UC San Diego

An estimated 10^24 infections per second occur between bacteriophages and bacteria. This dissertation investigates these interactions of E.coli and Salmonella and their prophages. Chapter 1 is an introduction to the history of bacteriophages and their influence on molecular biology and studies of DNA replication. Chapter 2 includes an analysis of the binding of SeqA, a negative regulator of replication, throughout the bacterial chromosome and introduces a new mechanism of how SeqA is potentially involved in transcription regulation and regulating prophage life cycles. This mechanism was found by reanalyzing protein binding data from multiple ChIP-Chip studies and analyzing them with new bioinformatics programs BEDOPS and BEDTools and Markov modeling. The ChIP-Chip data is randomized and both random and observed signals filtered into varying signal strengths. The signals are chopped to 1 bp “regions” in order to get a fine-detailed analysis of the signals and comparison of randomized vs. observed.
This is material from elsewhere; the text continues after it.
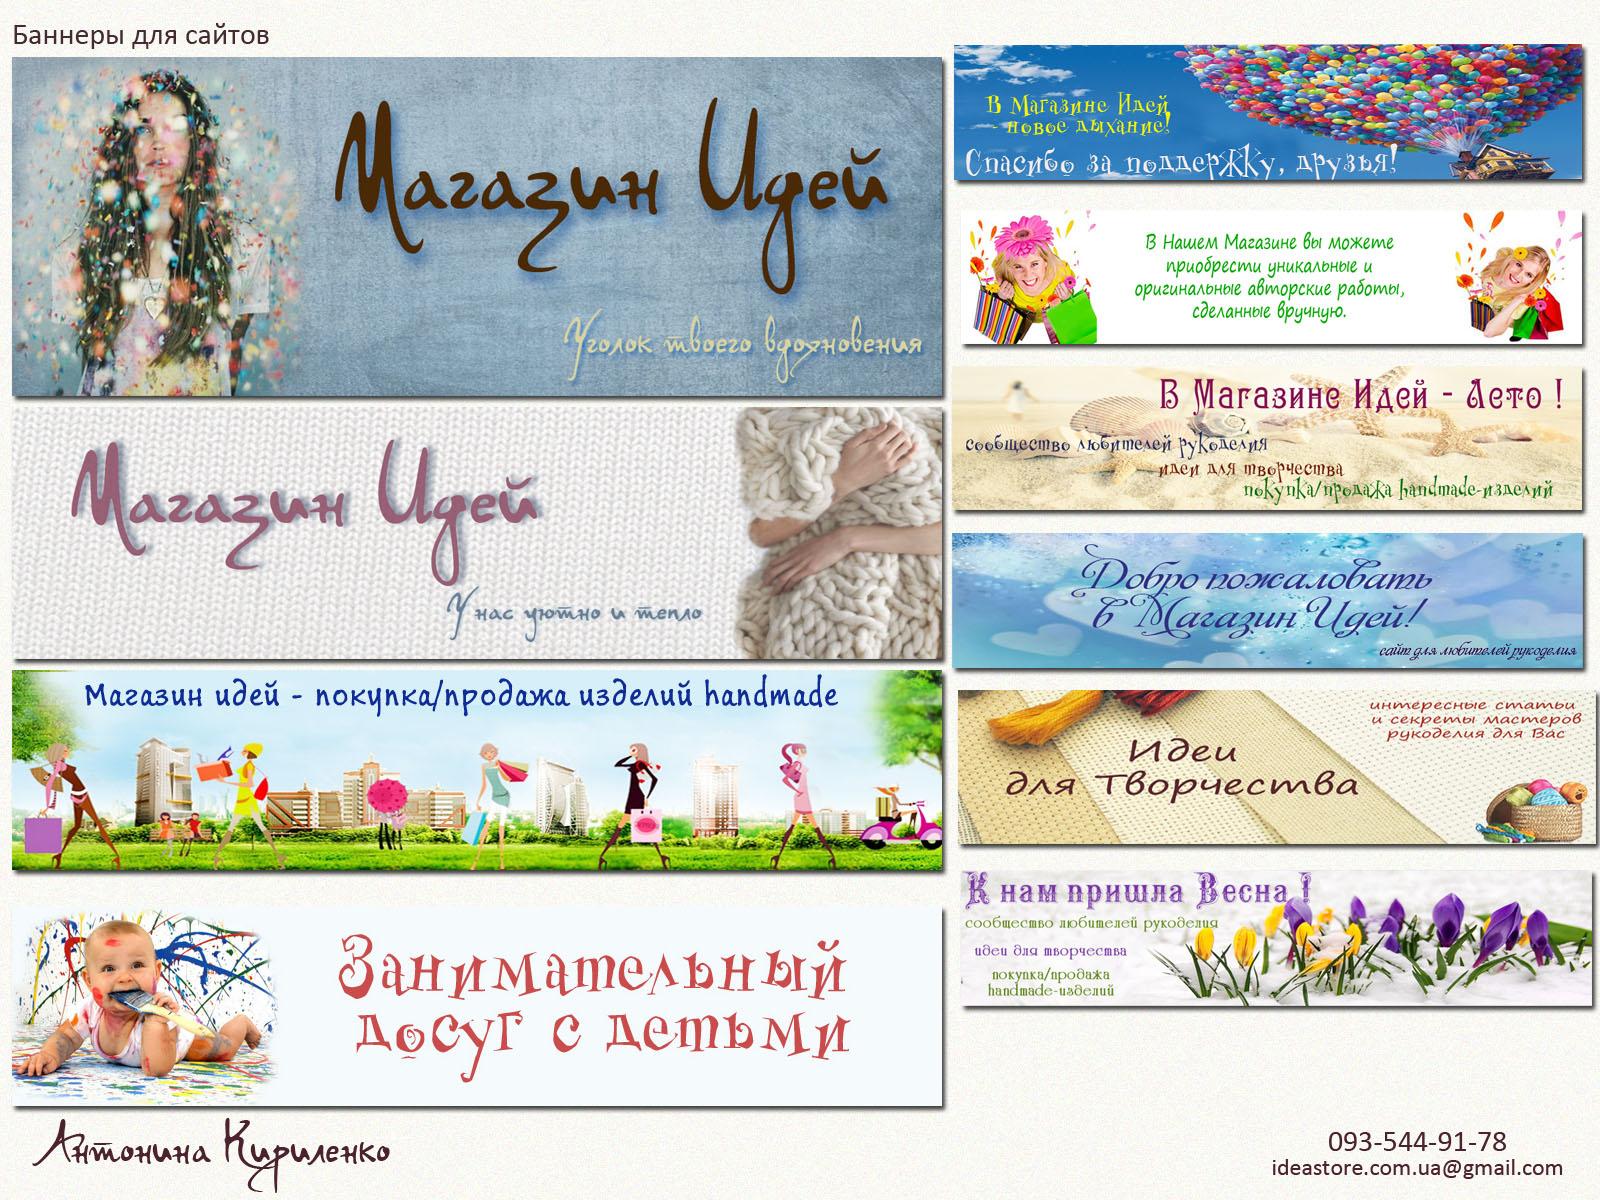 Баннеры для сайтов и социальных групп

A method for analyzing GATCs based on pairing is developed and GATCs are randomized GATC locations are compared to observed GATCs. Multiple phage are very low in GATC content. Chapter 3 involves Illumina RNA-Seq analysis of Salmonella and its prophages to observe the Salmonella prophage activity. A workflow was developed using Galaxy and DEBrowser to observe differential expression using DESeq2, EdgeR, and Limma. Chapter 4 involves the investigation and development of an assay to observe genome duplications in vivo using the ParB:parS system and see if prophages recombination proteins are involved in this process. A P1 parS was placed in a region in which duplications occur frequently purH in between rrn operons rrnE and rrnB and compared to a region in which duplications do not occur frequently at argD. A second pMT1 parS is placed in a region in which duplications do not occur frequently at putA. Gifsy-1 prophage recombination genes (recE, recT, ninG) were cloned onto pRHA109-KanR plasmid and duplications can be assayed using pFH4034, which encodes for multiple fluorescent ParB fusions. Chapter 5 is the conclusion and is a perspective on the future of phage-related research. Appendix 1 contains programs and additional RNA-Seq analysis for Chapter 2 and Chapter 3.